18:28 <kentonv> I probably should have suggested pulling out the let's encrypt certificate in the first place, since that'd be good for three months. Oops.

18:28 <TMM> I like the idea of just extracting the keys from mongo

18:29 <TMM> I didn't see your suggestion for going into mongo until after I had alreadt deleted the acmeaccount

18:29 <TMM> sorry :-/

18:29 <kentonv> my fault, but it's fine

18:29 <TMM> I could just do a new install of sandstorm I guess?

18:30 <TMM> Can I just save all my grains and import them in a new install?
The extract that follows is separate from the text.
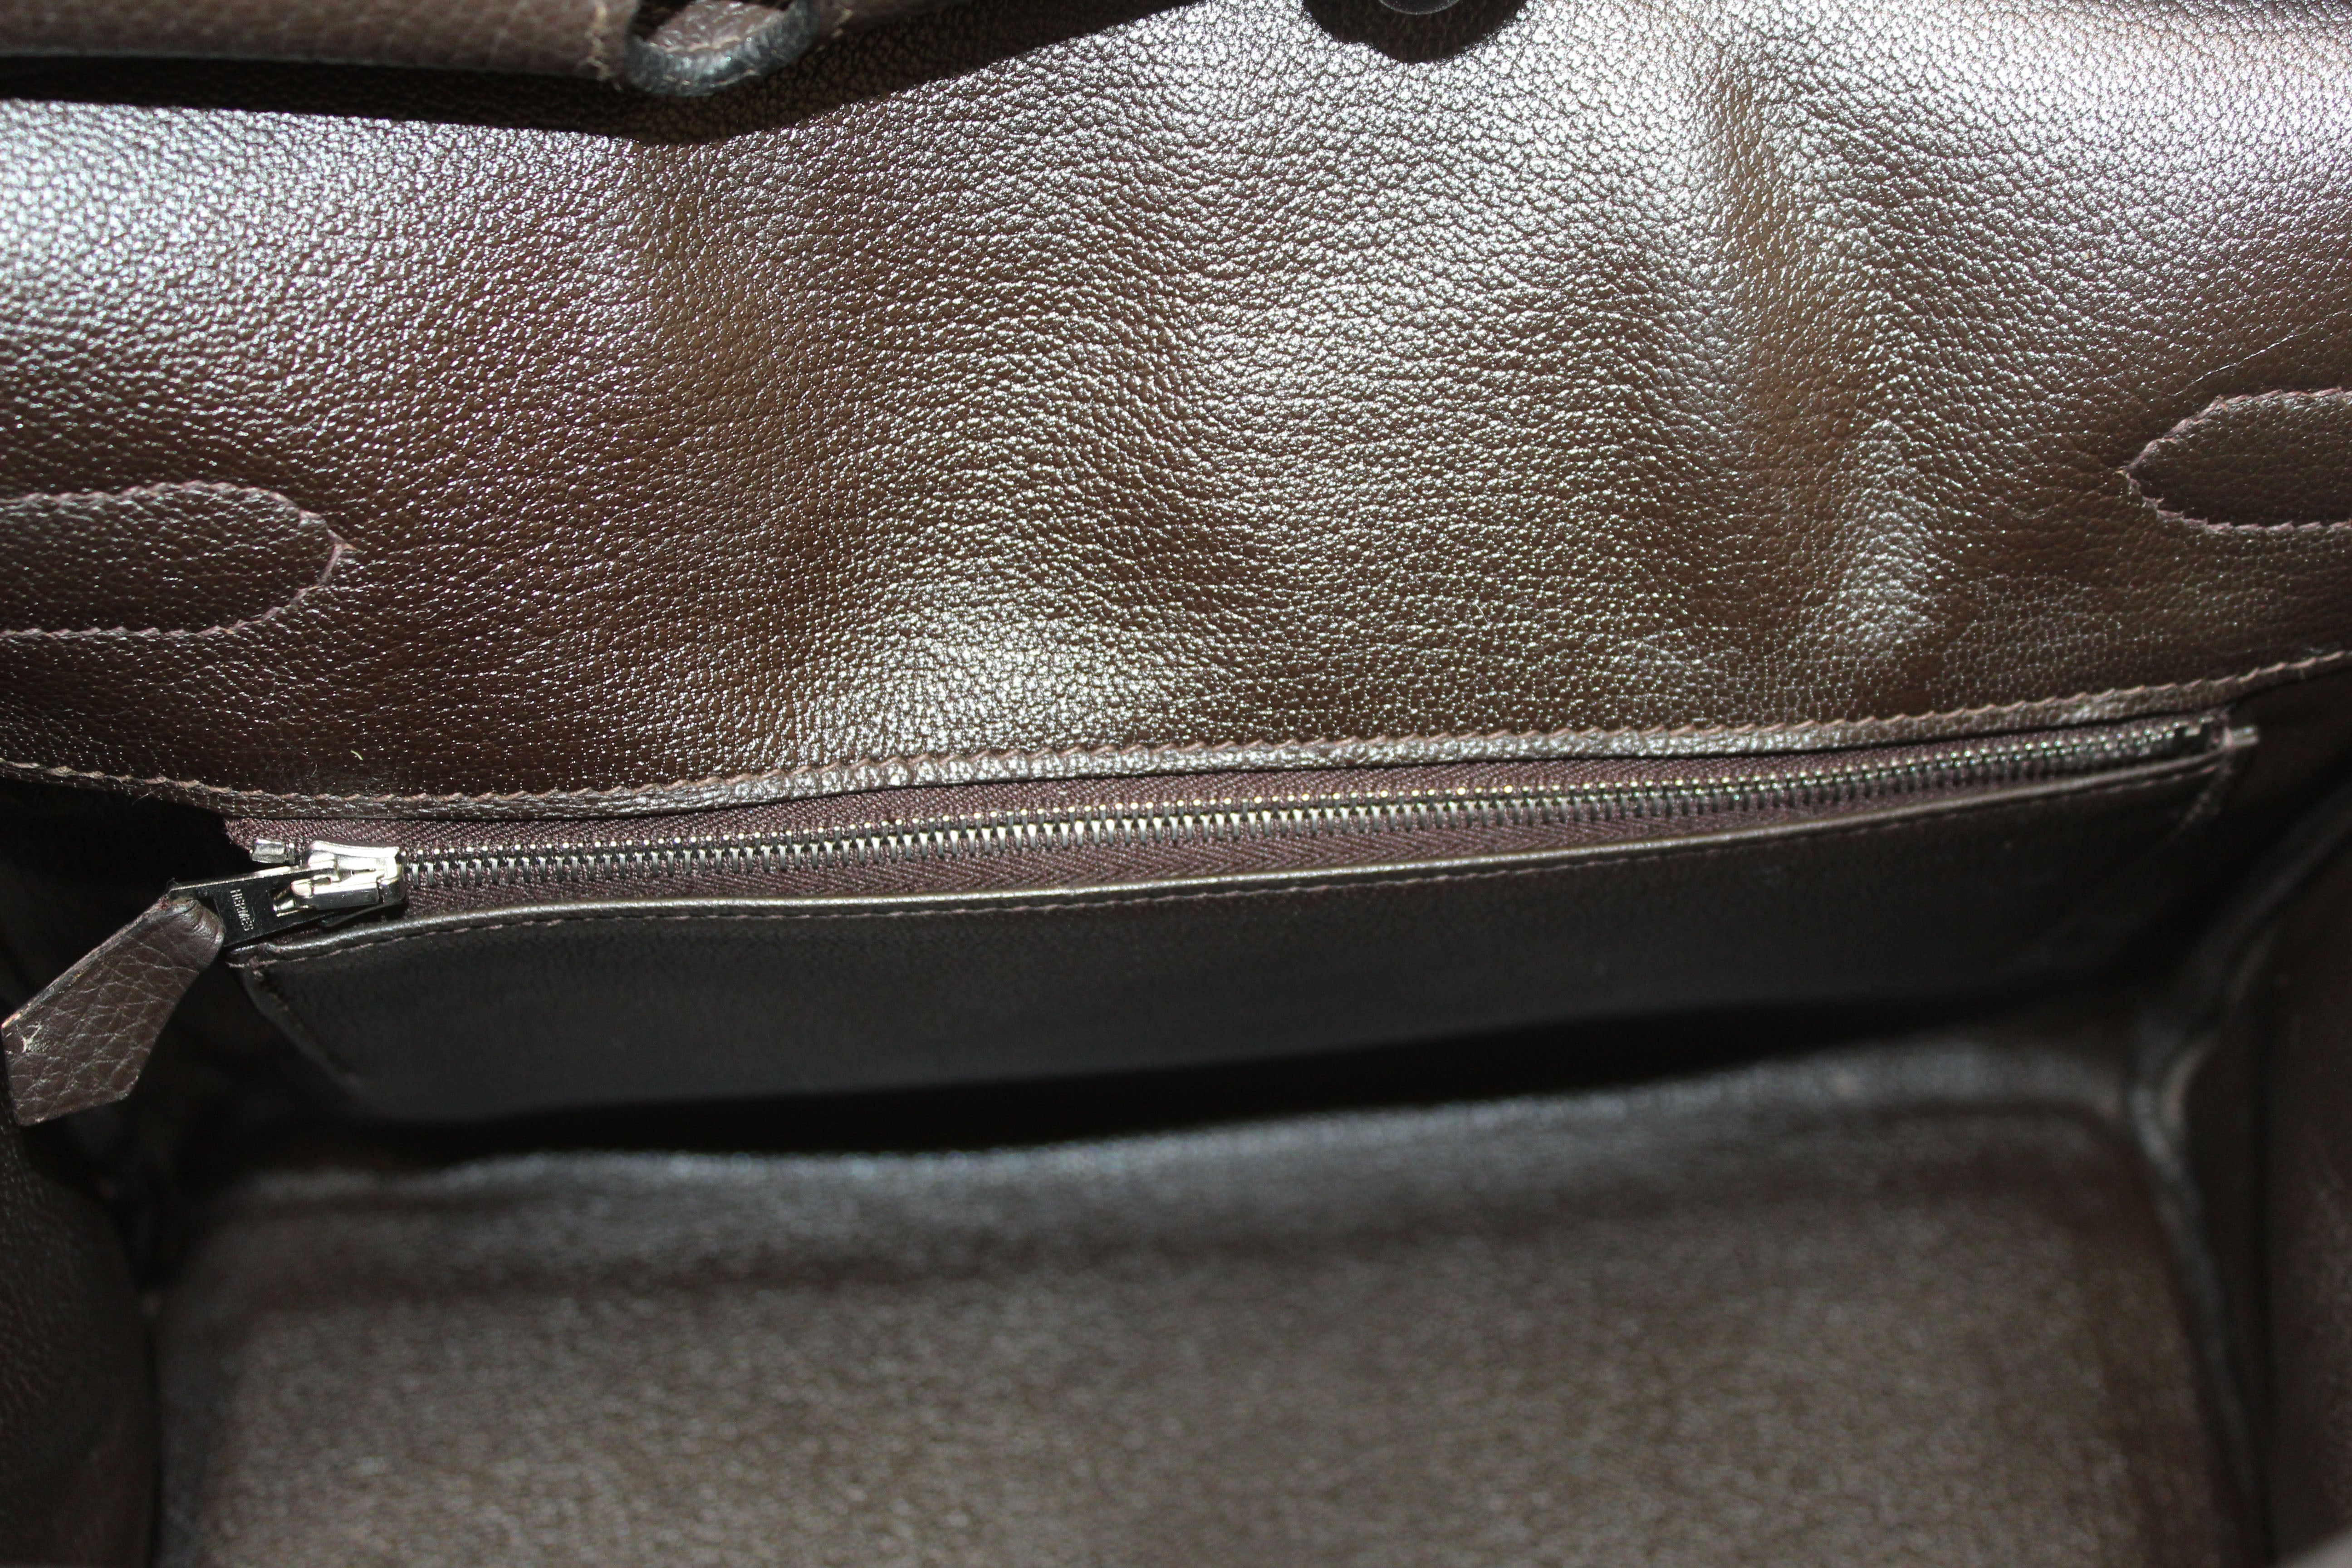 HERMES BIRKIN Bag 30cm TOGO Leather *CANOPEE*  Hermes bag birkin, Birkin  bag, Hermes birkin bag 30cm

18:30 <kentonv> nah just go with the globalsign cert for now and you'll get a new LE cert again in a week

18:30 <kentonv> this hacky terminal command should work for extracting the key: echo 'db.settings.findOne({_id: "tlsKeys"})' | sudo sandstorm mongo

18:31 <kentonv> so if you had a cron job that does that once a day and saves the output to the right places you should be good

18:31 <TMM> OK yeah, that would work just fine

18:31 <TMM> Maybe worth documenting, I can't imagine I'm the only person running sandstorm like this

18:32 <kentonv> and yes, you can move sandstorm to a new domain without reinstalling. You'd need to edit /opt/sandstorm/sandstorm.conf to change the config there, and then you'll need to use an admin token to reconfigure your login mechanisms (since OAuth login is tied to the domain)

18:32 <TMM> Yeah, this together with some jq will work fine

18:33 <kentonv> oh if you change the `findOne` to just `find` it might be easier to parse the output

18:33 <TMM> My setup is otherwise prooobably pretty odd, but I don't think that matters. I run sandstorm in a systemd nspawn container

18:34 <TMM> But that shouldn't matter for this I think

18:34 <digitalcircuit> kentonv: Low priority update from a week ago or so, ACME account auto-created successfully here. I'll find out tomorrow after renew if the automatic certificate switchover was successful :)

18:34 <TMM> Hmm, it doesn't seem to include the intermediate certs there or maybe I'm just not looking at it right

18:37 <kentonv> TMM, `certChain` should include intermediates

18:37 <kentonv> you should see multiple BEGIN CERTIFICATE / END CERTIFICATE blocks all concatenated together under `certChain`

18:49 <TMM> kentonv: thank you! I'll write a script to extract these into a format nginx can read then

18:50 <TMM> kentonv: and I'm sorry the whole sandstorm thing didn't work out financially :( My company could probably pay for some kind of support contract on a self hosted version if that's something that exists?

18:53 <kentonv> not really. I certainly wouldn't have time to offer reliable support, so can't in good conscience sell support contracts. If you're looking for somewhere to throw money, though, https://github.com/zenhack does a lot of Sandstorm work and accepts sponsorship via github sponsors. :)

18:59 <TMM> Alright! I'll see how I can have my company do sponsorship on GitHub then

18:59 <TMM> My accountant always has... Questions. :P

20:54 <TimMc> TMM: It's good for them. Builds character. :-)

21:00 <isd> I think I'm going to send a pr for the cgroups stuff without actually adding any policy. It will make the backup thing easy to fix.